Я прижал ладонь к ее животу.

— Значит, ты хочешь сказать, что мне тоже не следует торопиться.

— Ты потерял десять лет. Может, тебе как раз и надо поспешить.

Она стала смотреть вверх, на звезды. Самые крупные подмигивали так заметно, что были похожи на бриллиантовую наживку, покачивающуюся на крючке. Мне вдруг стало интересно, что навахо видят там, наверху. Уж наверняка не Ковш и не Малую Медведицу. Откуда-то из-за утесов донесся надсадный вой внедорожника, — наверное, курьер из аптеки спешил в резервацию. От этого звука мне стало немного не по себе, словно прорвался теплый пузырь, до сих пор надежно скрывавший нас от внешнего мира, и тут же у меня возникло ответное желание закрыть эту брешь, для чего я снова скользнул рукой Терезе между ног и принялся шуровать пальцами. Ее веки опустились, дыхание стало прерывистым. Лицо стало удивительно умиротворенным. Я любил наблюдать, как она меняется. Сначала чувства рвутся наружу, миг — и их сменяет потерянный взгляд. Я погрузил в нее два пальца и задвигал ими, чтобы она кончила. Себя я в тот момент ощущал где-то над ней, как будто был поваром, который колдует над соусом, вдыхая поднимающийся от него пар, и готов, едва ощутив тончайшее изменение аромата, добавить в него чуток того или щепотку другого. Скоро по ее животу пробежала судорога, она свела бедра, зажав ими мою руку, чтобы я перестал двигаться. Она притянула меня к себе, шепча что-то неразборчивое, и я испытал детский восторг от того, что доставил ей удовольствие, а еще от того, что она обнимала меня и шептала мне слова любви.

— Господи, что ты со мной делаешь! — прошептала она и поцеловала меня сначала в щеку, потом в лоб.

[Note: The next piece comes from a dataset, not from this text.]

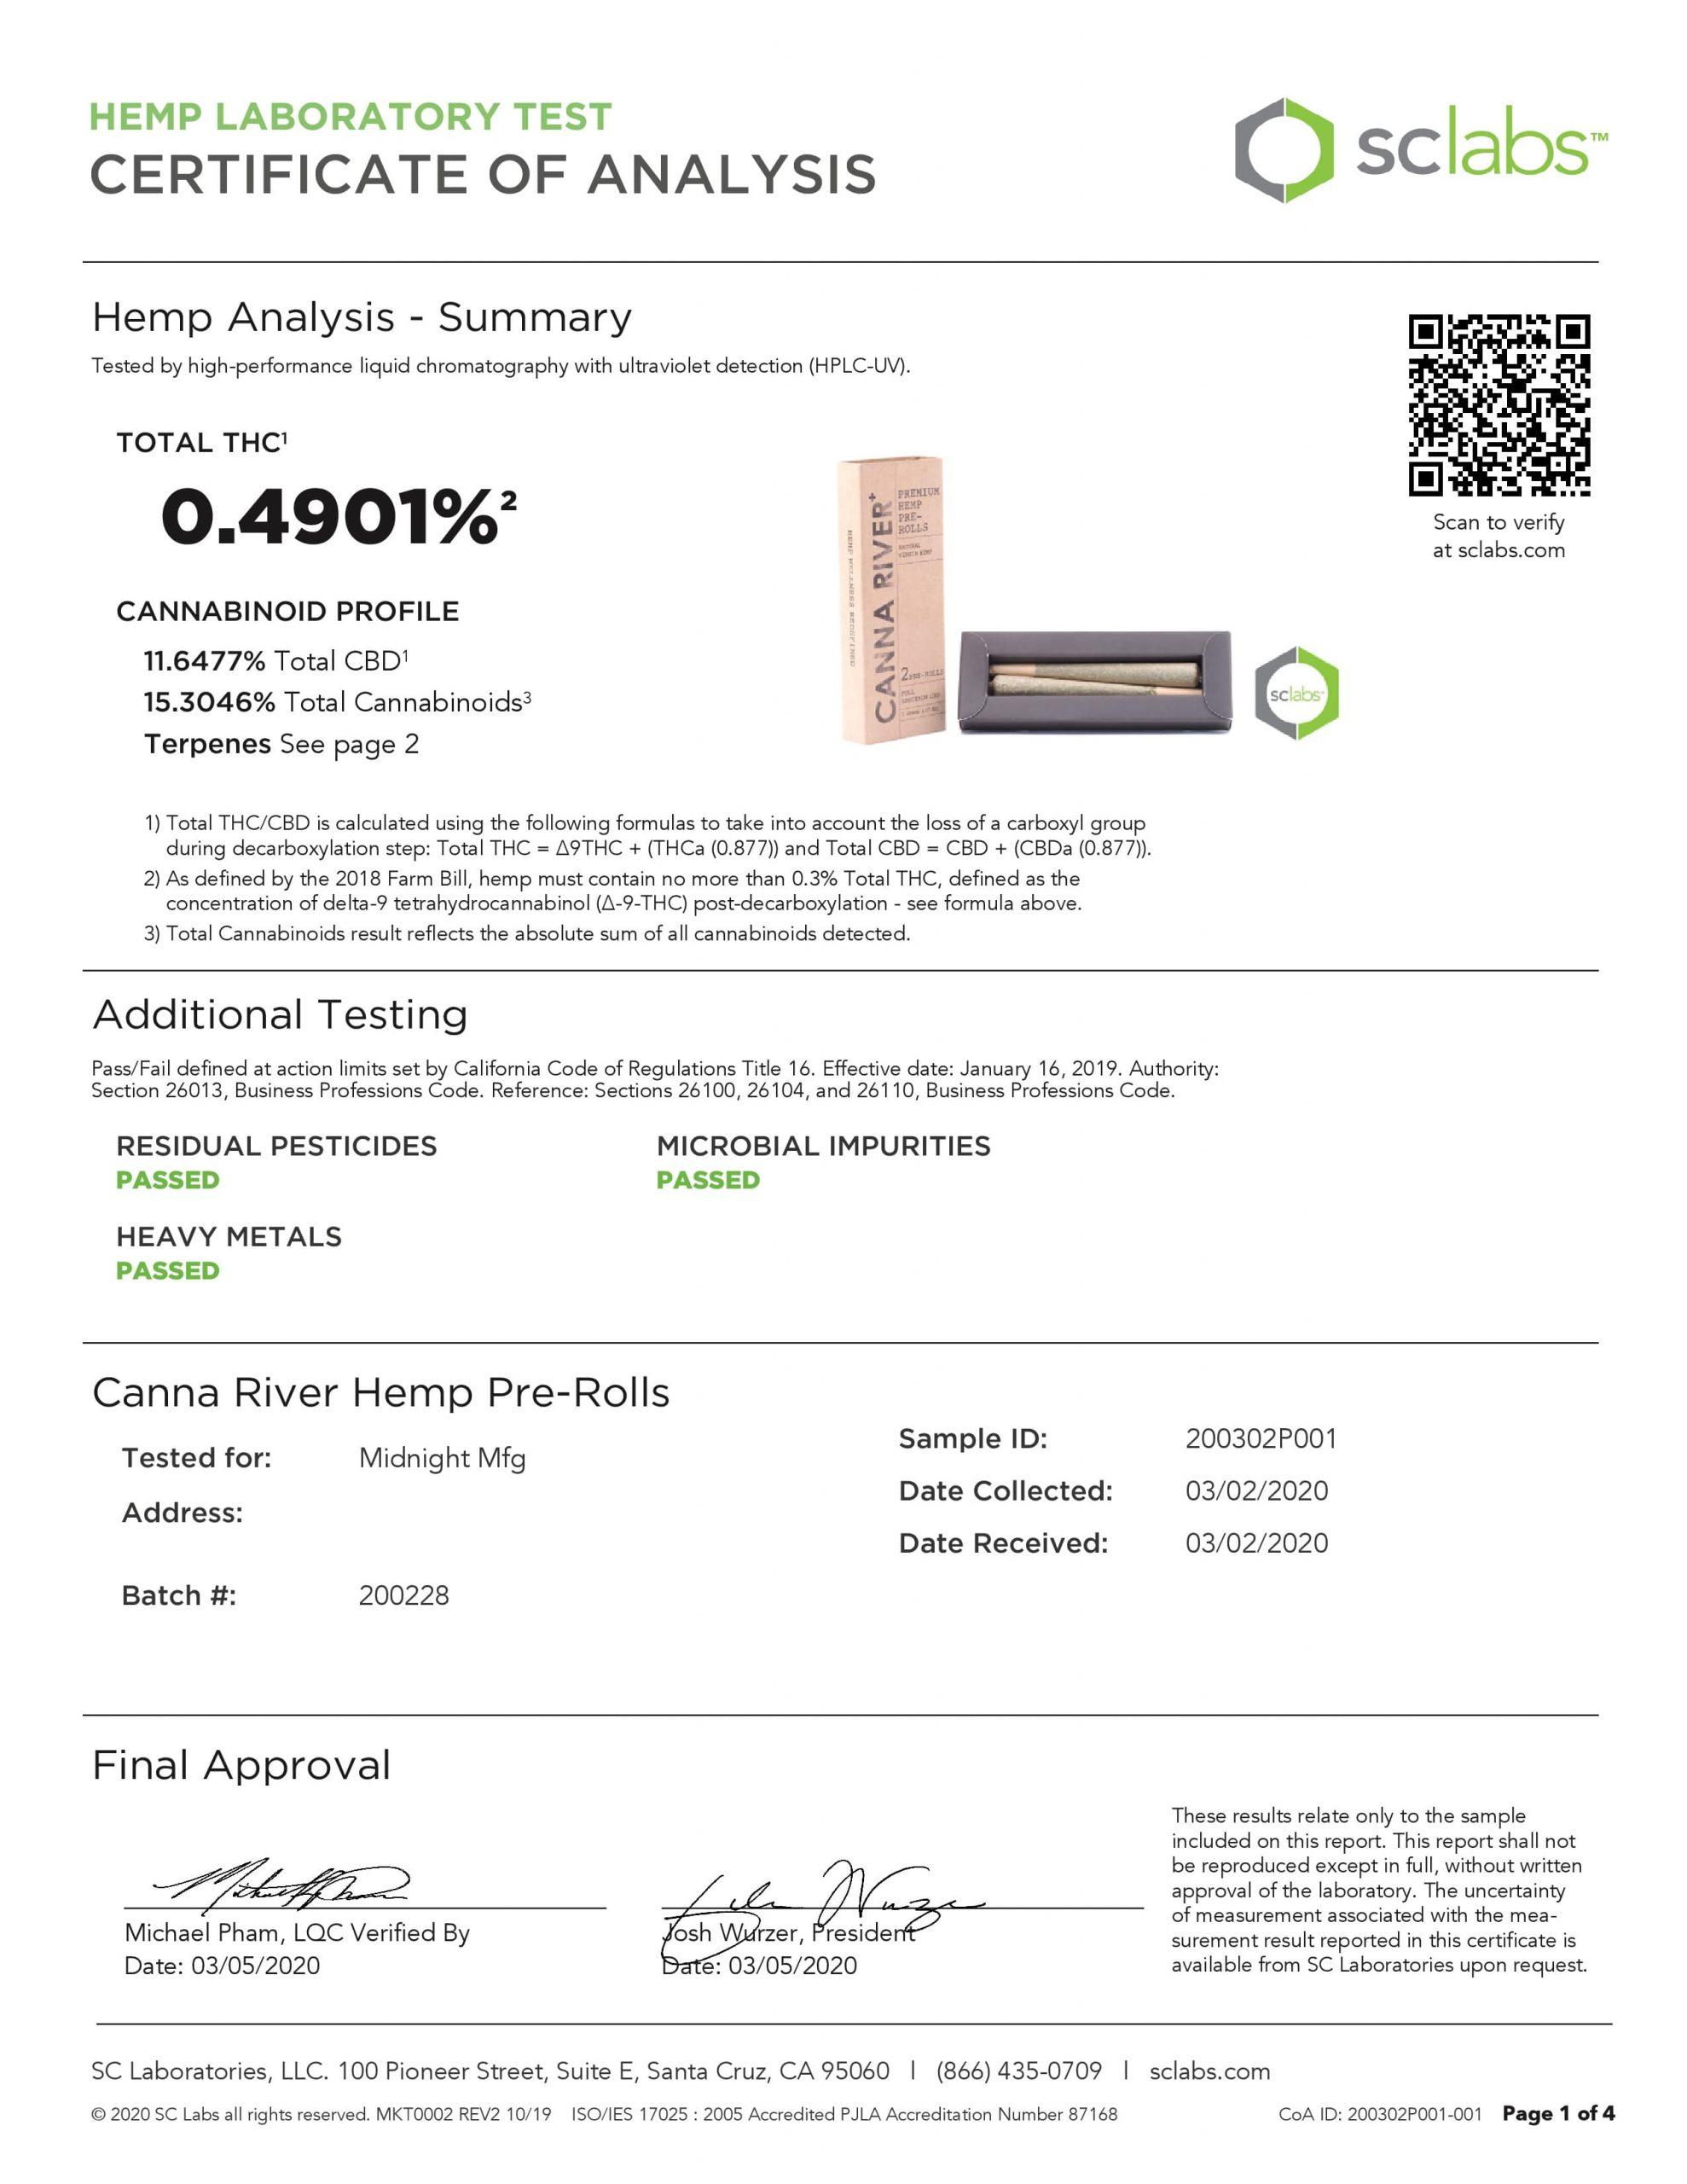 CANNA RIVER CBD Premium Hemp Pre-Rolls Lab Report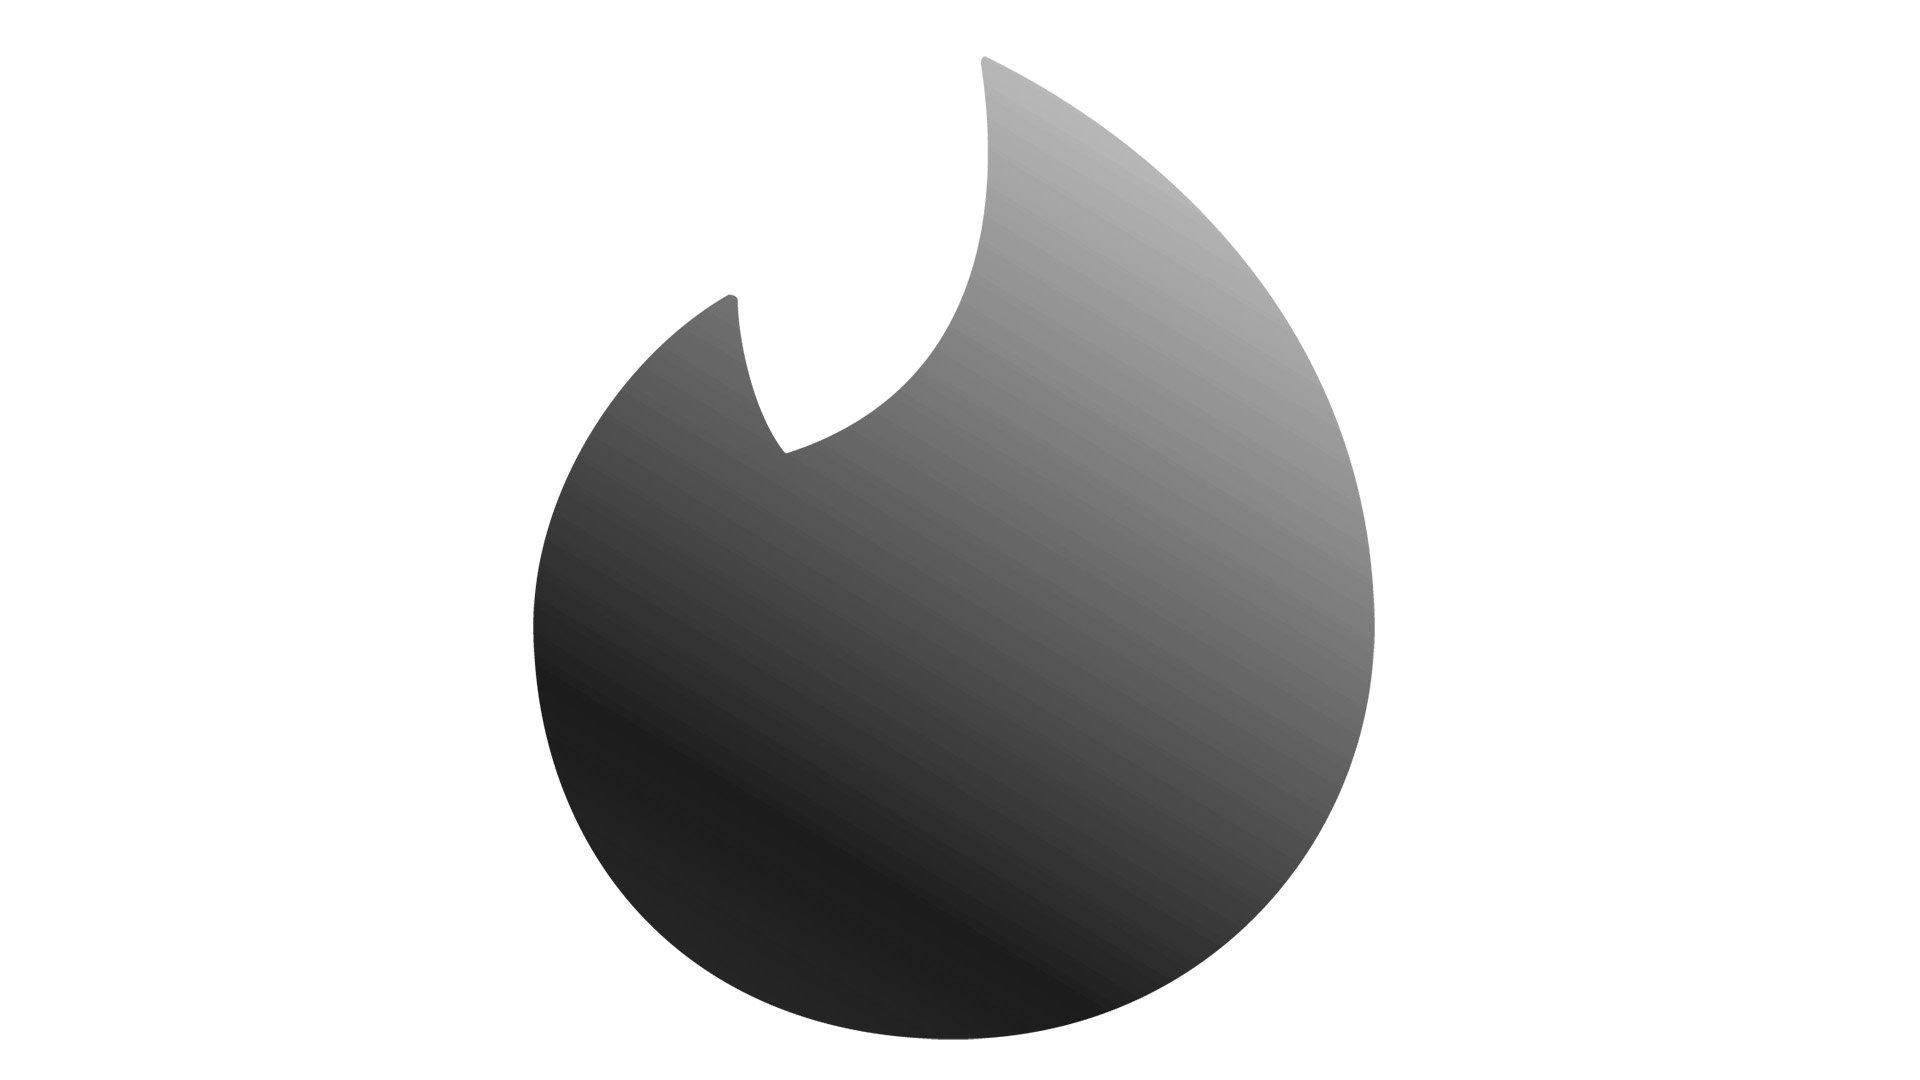 Logo tinder blinking app The Tinder

В следующее мгновение она оседлала меня и задвигалась вверх и вниз медленными, утонченно безошибочными движениями, скрыв лицо за клобуком упавших на него волос. Такая беспримесная страсть даже напугала меня немного. Я искал утешения в сомнении, пытался усомниться в ней и в собственной уверенности, но ничего не получалось. Ее груди колыхались в моих ладонях, бедра перекатывались уверенно и мощно. Я то чувствовал ее всю, каждую клеточку ее тела, то вдруг полностью проваливался в черное звериное забытье, как будто кто-то забавы ради щелкал в моем мозгу выключателем. Потом мне стало казаться, будто я понял язык звезд, окруживших ее своими геометрическими знаками, вспомнил секрет, поведанный мне при рождении, а потом вся моя кровь фонтаном ударила вверх и перетекла в нее, а ее кровь спустилась в меня.

Глава 5

Мне нравилось «Аризонское безумие». Нравилось стоять в прозрачном зимнем свете у витрины с чучелами лягушек, играющих на гитарах-марьячи, и потягивать свой кофе. Нравились корзинки с топазами, агатами и жеодами, нравились стройные ряды кукол работы навахо, нравились гирлянды цветочных ожерелий на стойках витрин, нравились яркие вертушки с открытками, нравились целебные кристаллы-водовороты в гнездышках из пурпурного бархата, нравились коврики с нарисованными на них картами вымышленных кладов, нравились елочные игрушки в виде кактусов. Нравились пожилые туристы-северяне, когда они настороженно входили в магазин, заранее отпугивая продавцов — меня, Терезу или ее помощницу Лианну, коренастую девчонку, вчерашнюю школьницу, — яростным взглядом, в котором читалось «Я просто смотрю», и как они потом подбирались к прилавку и начинали задавать вопросы или закидывать удочки на предмет серьезной скидки на какую-нибудь особенно уродливую безделушку. Большую часть нашего ассортимента мы продавали именно таким пожилым одиноким мужчинам и женщинам, которые платили не столько за вещь, сколько за возможность поговорить с другим человеком, возможно единственную за весь день. Я всегда старался сделать так, чтобы они получили за свои деньги сполна, для чего воскресил давно забытые навыки бармена и вовсю выдумывал истории об этом крае, облачая любую пластиковую дешевку в сверкающий наряд легенды.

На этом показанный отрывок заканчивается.